To begin, we combine Product_Sales and Product_Brand in order to add the brand (e.g. market name) of each pharmaceutical to the raw sales dataset to create Product_Sales_Brand. We clean up this new dataset further in order to remove sales of pharmaceuticals without market names, and extract date_year and date_week for each remaining sale.
In parallel, the 3 outreach datasets (Web_Traffic, Calls_Data, and Campaigns) are cleaned and a date_year and date_week are extracted for each outreach event in all 3 datasets. Additionally, we extract information about engagement, content, and classification of the outreach that are represented as binary values.
After creating binary values for the categorical data, all 3 datasets are joined together using a full join.
Finally, the Accounts data is prepared by turning categorical information about each HCP (account_id) into binary values and weeks since an HCP received product (i.e. pharmaceutical) training are computed.
With our initial data cleaned and having gone through a first set of preparation, we are ready to begin aggregating our data.
Before joining the sales and marketing data, we need to group our 3 datasets (Product_Sales_prepared, Outreach_Long, Accounts_copy_prepared) by parent account since that is the level at which we have sales data.
After individually grouping the datasets, we can execute a left join - this time adding all available marketing outreach to the more complete sales dataset. Additionally, the hospital information is added in as additional features for each parent account.
Relate marketing outreach to future sales¶
Having joined our marketing and sales data, we can move onto our final feature engineering phase in order to create our outcome of interest - sales lead. Why is having a sales lead important? To understand the relationship between marketing outreach and sales, we need to look at the change in sales after a given outreach behavior occurs. This means the effect of a marketing campaign that occurs in week 1 can only be seen on sales in the following weeks - not in the same week that the outreach occurs.
Our Sales_Marketing dataset is first split to take out data for products that are sold in new hospitals. Once data on the new hospitals and outreach efforts are available, this dataset could be used for clustering analysis and more predictive analytics on next best steps. For now, we don’t have enough data in order to include it in the training of our model
Following the split, a window recipe is used to group sales by parent_account_id and product_id. Additionally, we calculate a 1 and 2 week difference on the number of units and total sales using the window recipe by subtracting the current value from the future one.
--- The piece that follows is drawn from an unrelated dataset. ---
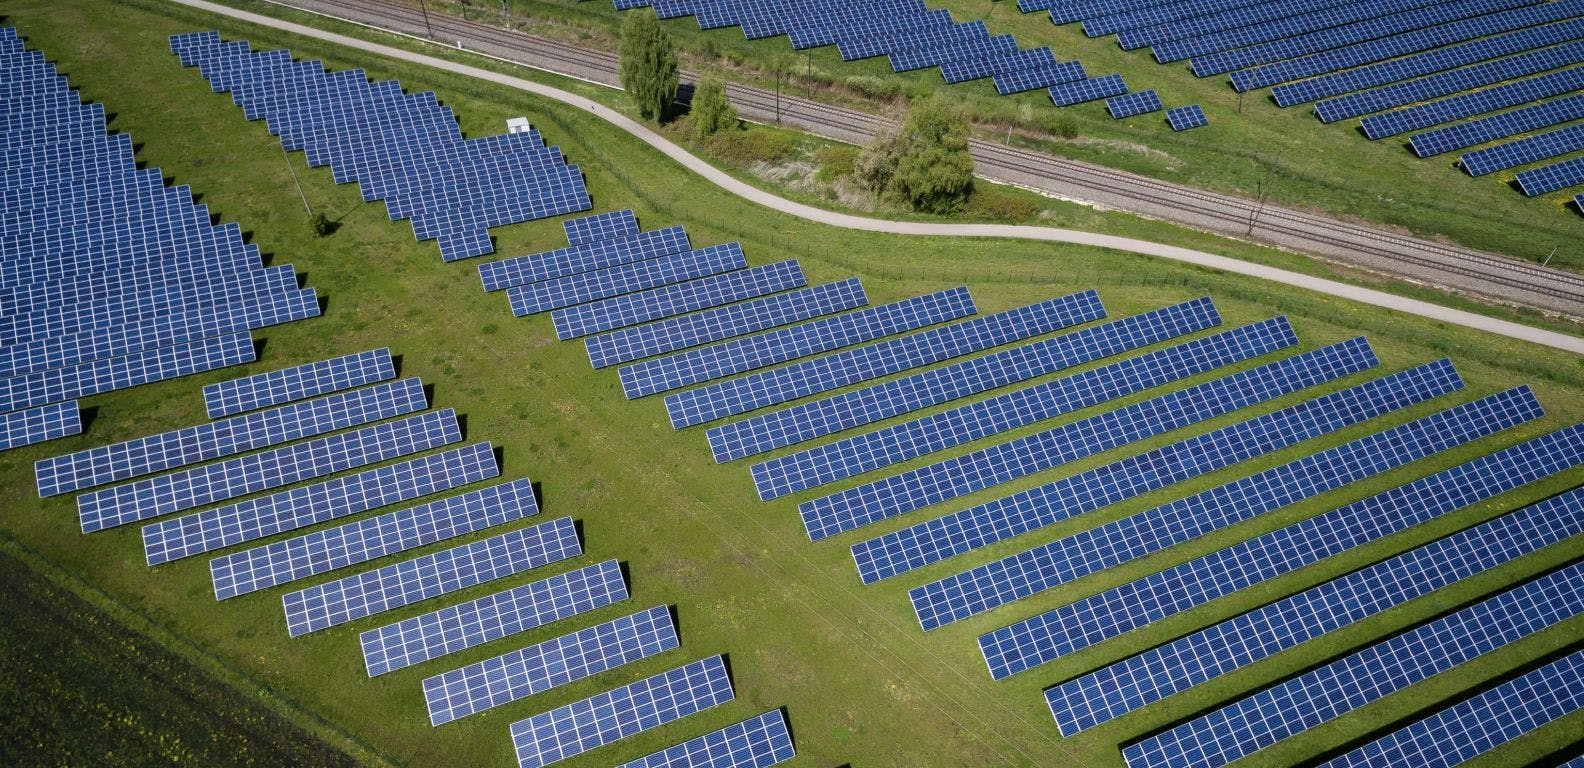 Overhead photo of solar panels in a field

These values measure a change in sales and sales volume over time but need to be adjusted (multiplied by -1) in a subsequent prepare recipe to model the true growth or decline in sales over time.
If a campaign takes longer than 2 weeks to impact sales, the value should be adjusted for a longer lead time.
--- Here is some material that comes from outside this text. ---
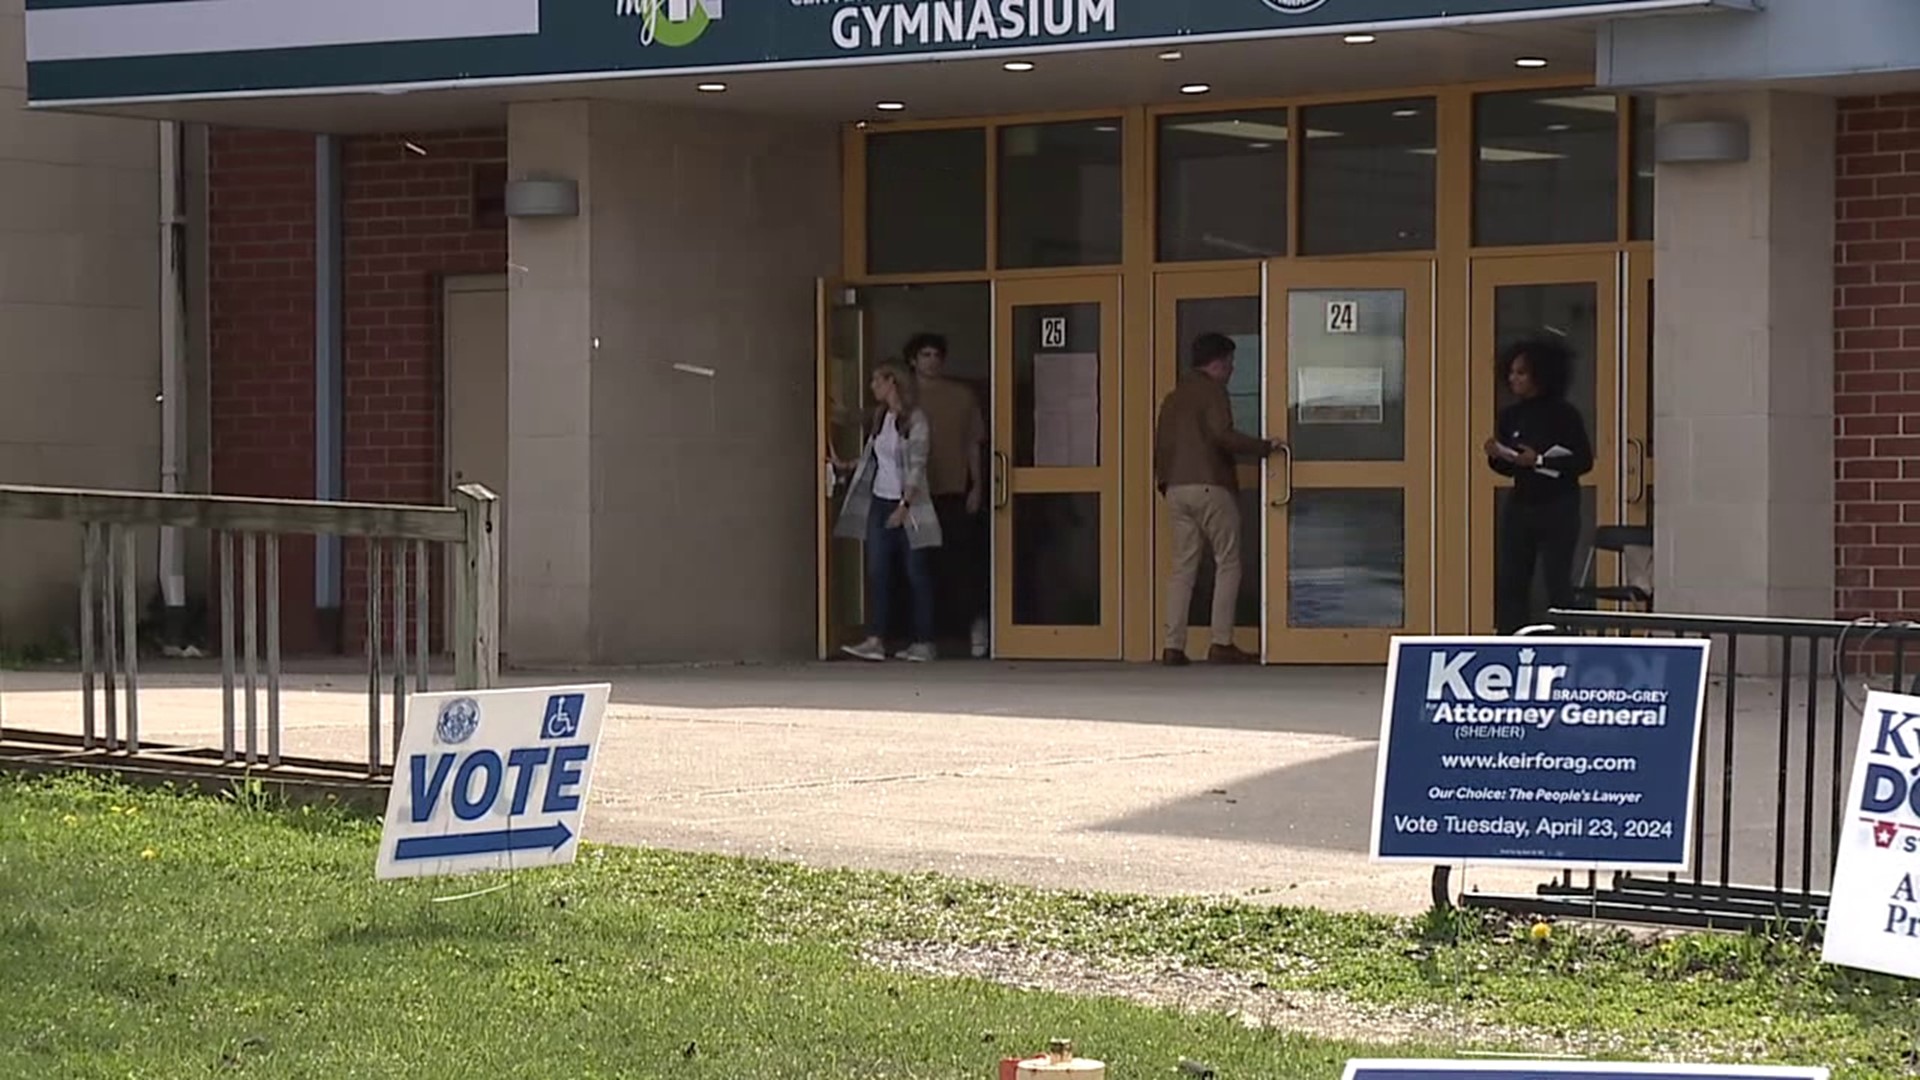 It's been a light day for polling sites across Lackawanna County, according to the Bureau of Elections.

Correlating Marketing Outreach to Sales¶
Finally, we are ready to train our models capable of generating deeper insights into the impact of a company’s marketing efforts on actual sales.
To allow other team members to repeat analysis for different products of interest via a Dataiku Application, we filter using a local variable to select only a single product for analysis.
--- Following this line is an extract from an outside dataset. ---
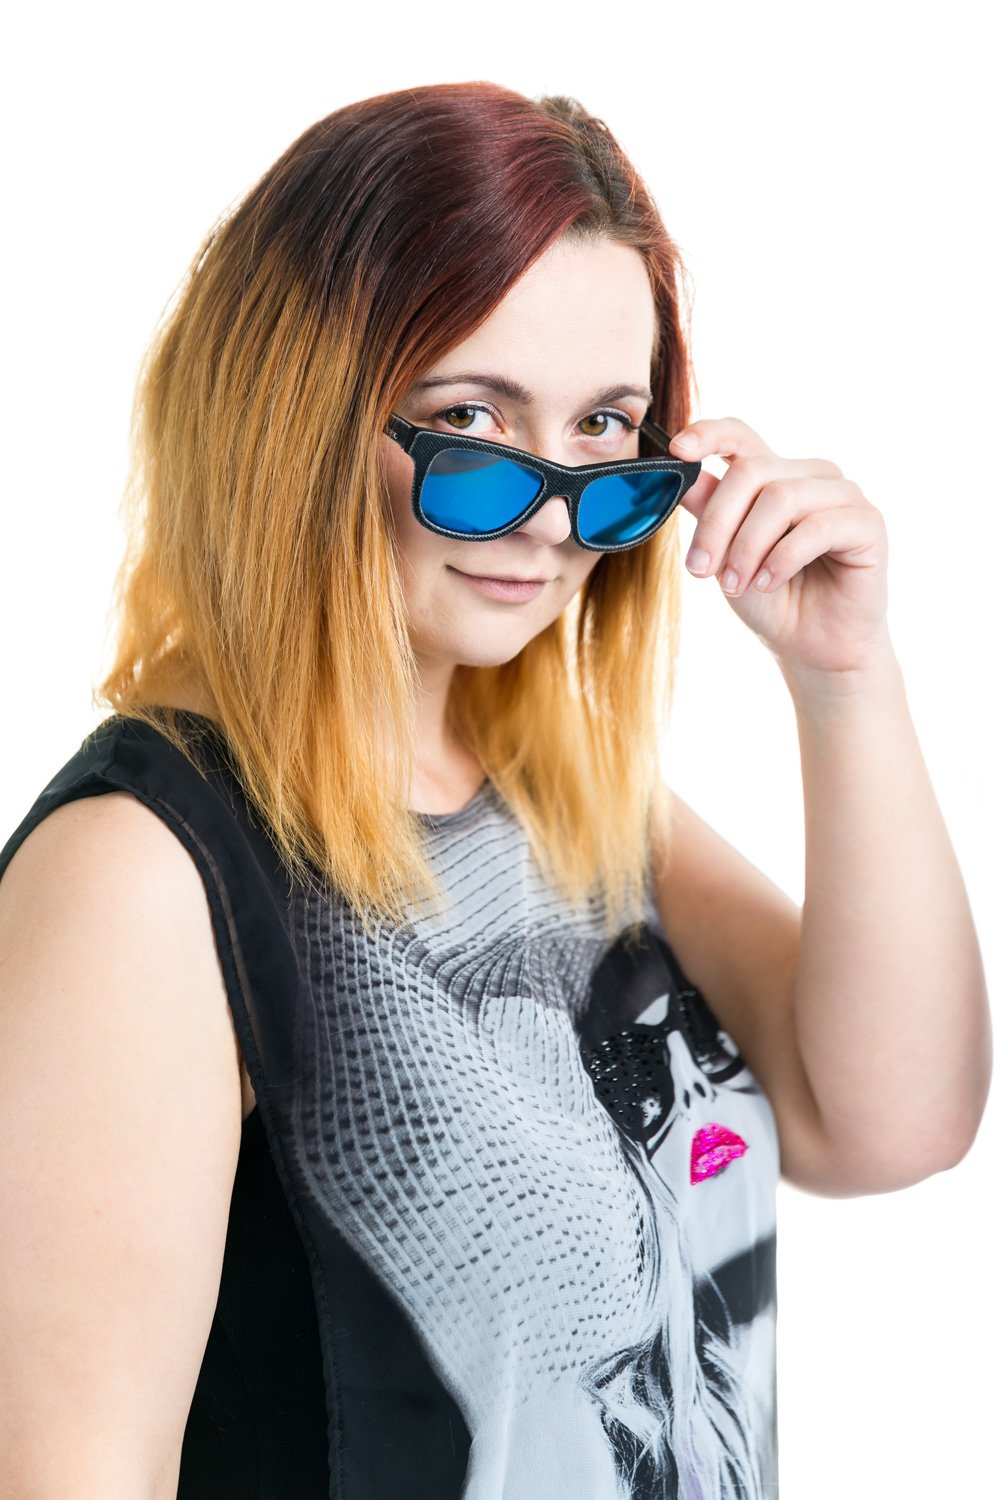 Maggie high key portrait with sunglasses

We can create two models from the filter data for one or two weeks sales lead as the target variable, respectively. The created models are regression models that provide coefficients on each of the input variables thereby allowing us to assess the direction and magnitude of correlation between various marketing outreach strategies and sales.
Reproducing these processes with minimal effort for other brands and products¶
The intent of this project is to enable marketing teams to understand how Dataiku DSS can be used to assess the past and future success of their Omnichannel marketing strategies either by starting a new project from scratch or adapting this existing project to one’s specific needs. A deeper technical walkthrough of the project can be found within the wiki to aid in reproducing this project. Roll-out and customization services can be offered on demand.